Por Júlia Evangelista Tavares, advogada e associada do IEE
O abuso do poder do Estado pode, muitas vezes, vir disfarçado de boas intenções. É o caso do projeto de lei aprovado no dia 3 de julho, por unanimidade, na Assembleia Legislativa, que proíbe a venda de produtos como balas, pirulitos, refrigerantes e salgadinhos industrializados nas cantinas de escolas públicas e privadas do Estado do Rio Grande do Sul. É elogiável que os agentes públicos se preocupem com a saúde da população, mas suas ações não podem se transformar na intromissão do Estado em atividades econômicas privadas nem interferir na liberdade individual de escolha do cidadão.
Os agentes públicos nunca se cansam de legislar para aumentar suas intervenções sobre as escolhas dos cidadãos e se passar por autoridades preocupadas com o bem-estar deles. Deixam para trás que a liberdade de escolha é condição para a efetividade da democracia liberal, protegida pela Constituição da República. Nisso está incluída a liberdade de escolher o que se quer comprar e comer. Assim como o consumo de balas, pirulitos e refrigerantes, o consumo de carne gorda, sal ou bebidas alcoólicas deve ser decidido pelo indivíduo. Dessa forma, a escolha deve ser sempre feita pelo cidadão, e suas consequências também devem ser suportadas por ele, já que a liberdade pressupõe sempre responsabilidade.

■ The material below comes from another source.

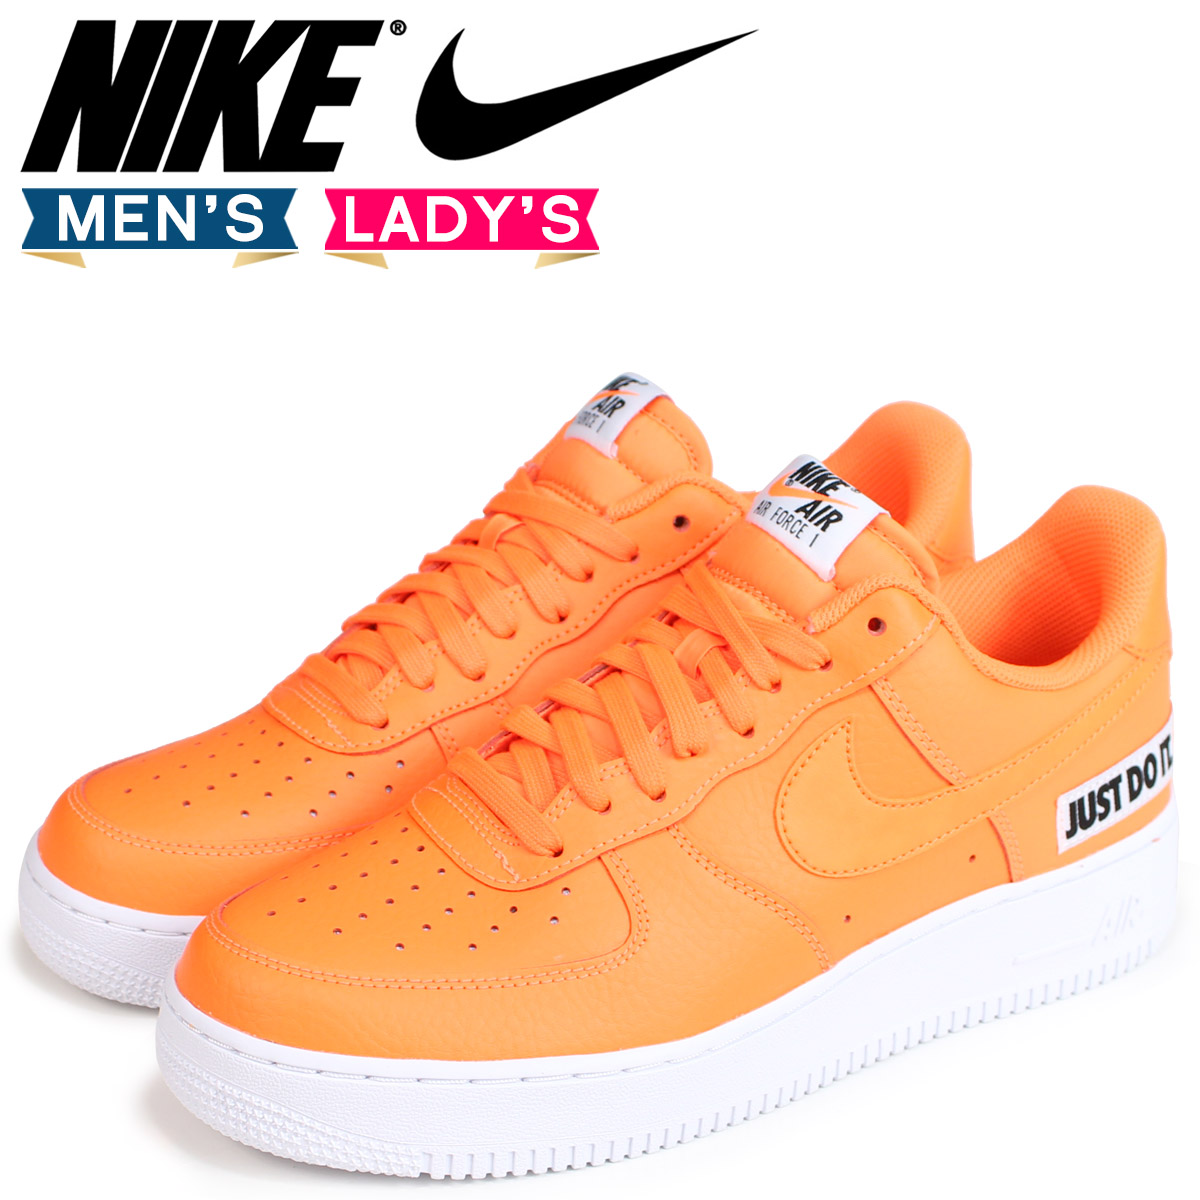 Nike Leather Force Sneakers Orange Do Just It Gap Lv8 Bq5360 1 Dis Men Air 800 07 UVpqzSMG

Afinal, como, então, uma nação pode se considerar livre se o seu cidadão perde o poder de escolha com cada decisão tomada pelo governo? O Estado interfere muito na vida do indivíduo e, como não conhece limites ao seu poder de interferência, torna-se inviável, para qualquer sociedade, conviver com leis autoritárias sem que a consequência seja que esse controle se estenda sobre as decisões mais pessoais de cada cidadão, como o que se pode comprar, consumir ou vestir.
Nesse contexto, projetos como esses caminham na contramão das liberdades individuais, sendo flagrantemente inconstitucionais. Escolher o que se quer comer é um ato de liberdade individual, protegido pela Constituição da República. Como qualquer restrição à liberdade individual, não se trata de problema único e exclusivo das crianças, que terão menos opções para se alimentar durante as aulas, mas sim de toda a sociedade, que se vê tolhida em seu exercício de livre-arbítrio e na sua capacidade de escolha.
No Brasil não existe bom senso da classe política sobre o que é ou não é se intrometer na vida dos cidadãos. Esquecem que as sociedades livres devem prezar sempre pela liberdade de escolha. Proibir o consumo de refrigerantes, balas e doces em escolas, ou até proibir o uso de sal em cima das mesas de restaurantes, como em um passado próximo, pode parecer uma ação cuidadosa dos políticos com a população. Mas não se pode mutilar o conceito de liberdade e definir quais dos pedaços pode continuar a existir. Como dizia o vencedor do prêmio Nobel de Economia Friedrich Hayek: "Caminha-se em direção à liberdade ou à servidão".